RECORDS PROVIDED:
━━━━━━

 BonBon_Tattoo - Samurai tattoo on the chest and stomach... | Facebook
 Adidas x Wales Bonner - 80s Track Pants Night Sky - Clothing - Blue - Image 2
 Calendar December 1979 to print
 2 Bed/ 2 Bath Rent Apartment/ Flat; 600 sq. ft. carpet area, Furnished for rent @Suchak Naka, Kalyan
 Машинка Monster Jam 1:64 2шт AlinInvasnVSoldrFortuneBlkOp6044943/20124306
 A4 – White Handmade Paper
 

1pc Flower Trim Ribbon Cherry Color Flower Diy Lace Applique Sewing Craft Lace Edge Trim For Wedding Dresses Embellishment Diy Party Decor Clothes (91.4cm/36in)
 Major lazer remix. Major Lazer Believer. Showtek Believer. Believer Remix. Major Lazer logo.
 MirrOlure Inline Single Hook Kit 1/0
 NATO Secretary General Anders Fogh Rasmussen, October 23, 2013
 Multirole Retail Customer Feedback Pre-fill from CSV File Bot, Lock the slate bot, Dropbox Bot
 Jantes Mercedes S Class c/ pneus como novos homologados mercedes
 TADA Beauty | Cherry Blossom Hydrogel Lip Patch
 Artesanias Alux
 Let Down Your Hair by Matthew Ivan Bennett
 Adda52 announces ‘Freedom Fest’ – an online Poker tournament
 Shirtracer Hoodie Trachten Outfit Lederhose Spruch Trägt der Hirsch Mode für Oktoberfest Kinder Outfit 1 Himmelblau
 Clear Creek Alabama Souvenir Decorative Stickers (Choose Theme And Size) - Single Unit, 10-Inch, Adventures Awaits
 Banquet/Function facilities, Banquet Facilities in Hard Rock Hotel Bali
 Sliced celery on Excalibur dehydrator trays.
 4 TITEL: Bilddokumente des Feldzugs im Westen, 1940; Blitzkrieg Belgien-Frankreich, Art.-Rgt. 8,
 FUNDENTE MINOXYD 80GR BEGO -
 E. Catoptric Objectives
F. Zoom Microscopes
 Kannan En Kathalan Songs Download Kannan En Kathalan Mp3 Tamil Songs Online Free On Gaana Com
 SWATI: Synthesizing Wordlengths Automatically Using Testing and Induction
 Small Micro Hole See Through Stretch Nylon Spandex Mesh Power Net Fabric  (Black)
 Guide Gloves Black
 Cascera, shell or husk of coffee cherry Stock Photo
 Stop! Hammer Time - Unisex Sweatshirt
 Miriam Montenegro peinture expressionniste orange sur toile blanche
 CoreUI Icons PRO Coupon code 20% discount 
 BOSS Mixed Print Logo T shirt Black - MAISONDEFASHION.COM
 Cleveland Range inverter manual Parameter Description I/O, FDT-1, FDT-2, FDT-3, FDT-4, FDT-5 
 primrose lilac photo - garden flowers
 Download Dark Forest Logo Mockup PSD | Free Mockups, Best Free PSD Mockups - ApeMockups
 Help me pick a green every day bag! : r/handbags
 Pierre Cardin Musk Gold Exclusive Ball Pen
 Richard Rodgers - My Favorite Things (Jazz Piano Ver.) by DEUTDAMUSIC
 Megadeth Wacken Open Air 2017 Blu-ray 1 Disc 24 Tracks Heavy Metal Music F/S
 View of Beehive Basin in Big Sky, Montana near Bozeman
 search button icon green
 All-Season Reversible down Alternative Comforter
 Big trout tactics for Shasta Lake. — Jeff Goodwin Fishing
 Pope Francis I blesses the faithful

━━━━━━

WORK INSTRUCTION: Please transcribe the material above precisely as it stands.

OUTPUT OF THE TASK:
 BonBon_Tattoo - Samurai tattoo on the chest and stomach... | Facebook
 Adidas x Wales Bonner - 80s Track Pants Night Sky - Clothing - Blue - Image 2
 Calendar December 1979 to print
 2 Bed/ 2 Bath Rent Apartment/ Flat; 600 sq. ft. carpet area, Furnished for rent @Suchak Naka, Kalyan
 Машинка Monster Jam 1:64 2шт AlinInvasnVSoldrFortuneBlkOp6044943/20124306
 A4 – White Handmade Paper
 

1pc Flower Trim Ribbon Cherry Color Flower Diy Lace Applique Sewing Craft Lace Edge Trim For Wedding Dresses Embellishment Diy Party Decor Clothes (91.4cm/36in)
 Major lazer remix. Major Lazer Believer. Showtek Believer. Believer Remix. Major Lazer logo.
 MirrOlure Inline Single Hook Kit 1/0
 NATO Secretary General Anders Fogh Rasmussen, October 23, 2013
 Multirole Retail Customer Feedback Pre-fill from CSV File Bot, Lock the slate bot, Dropbox Bot
 Jantes Mercedes S Class c/ pneus como novos homologados mercedes
 TADA Beauty | Cherry Blossom Hydrogel Lip Patch
 Artesanias Alux
 Let Down Your Hair by Matthew Ivan Bennett
 Adda52 announces ‘Freedom Fest’ – an online Poker tournament
 Shirtracer Hoodie Trachten Outfit Lederhose Spruch Trägt der Hirsch Mode für Oktoberfest Kinder Outfit 1 Himmelblau
 Clear Creek Alabama Souvenir Decorative Stickers (Choose Theme And Size) - Single Unit, 10-Inch, Adventures Awaits
 Banquet/Function facilities, Banquet Facilities in Hard Rock Hotel Bali
 Sliced celery on Excalibur dehydrator trays.
 4 TITEL: Bilddokumente des Feldzugs im Westen, 1940; Blitzkrieg Belgien-Frankreich, Art.-Rgt. 8,
 FUNDENTE MINOXYD 80GR BEGO -
 E. Catoptric Objectives
F. Zoom Microscopes
 Kannan En Kathalan Songs Download Kannan En Kathalan Mp3 Tamil Songs Online Free On Gaana Com
 SWATI: Synthesizing Wordlengths Automatically Using Testing and Induction
 Small Micro Hole See Through Stretch Nylon Spandex Mesh Power Net Fabric  (Black)
 Guide Gloves Black
 Cascera, shell or husk of coffee cherry Stock Photo
 Stop! Hammer Time - Unisex Sweatshirt
 Miriam Montenegro peinture expressionniste orange sur toile blanche
 CoreUI Icons PRO Coupon code 20% discount 
 BOSS Mixed Print Logo T shirt Black - MAISONDEFASHION.COM
 Cleveland Range inverter manual Parameter Description I/O, FDT-1, FDT-2, FDT-3, FDT-4, FDT-5 
 primrose lilac photo - garden flowers
 Download Dark Forest Logo Mockup PSD | Free Mockups, Best Free PSD Mockups - ApeMockups
 Help me pick a green every day bag! : r/handbags
 Pierre Cardin Musk Gold Exclusive Ball Pen
 Richard Rodgers - My Favorite Things (Jazz Piano Ver.) by DEUTDAMUSIC
 Megadeth Wacken Open Air 2017 Blu-ray 1 Disc 24 Tracks Heavy Metal Music F/S
 View of Beehive Basin in Big Sky, Montana near Bozeman
 search button icon green
 All-Season Reversible down Alternative Comforter
 Big trout tactics for Shasta Lake. — Jeff Goodwin Fishing
 Pope Francis I blesses the faithful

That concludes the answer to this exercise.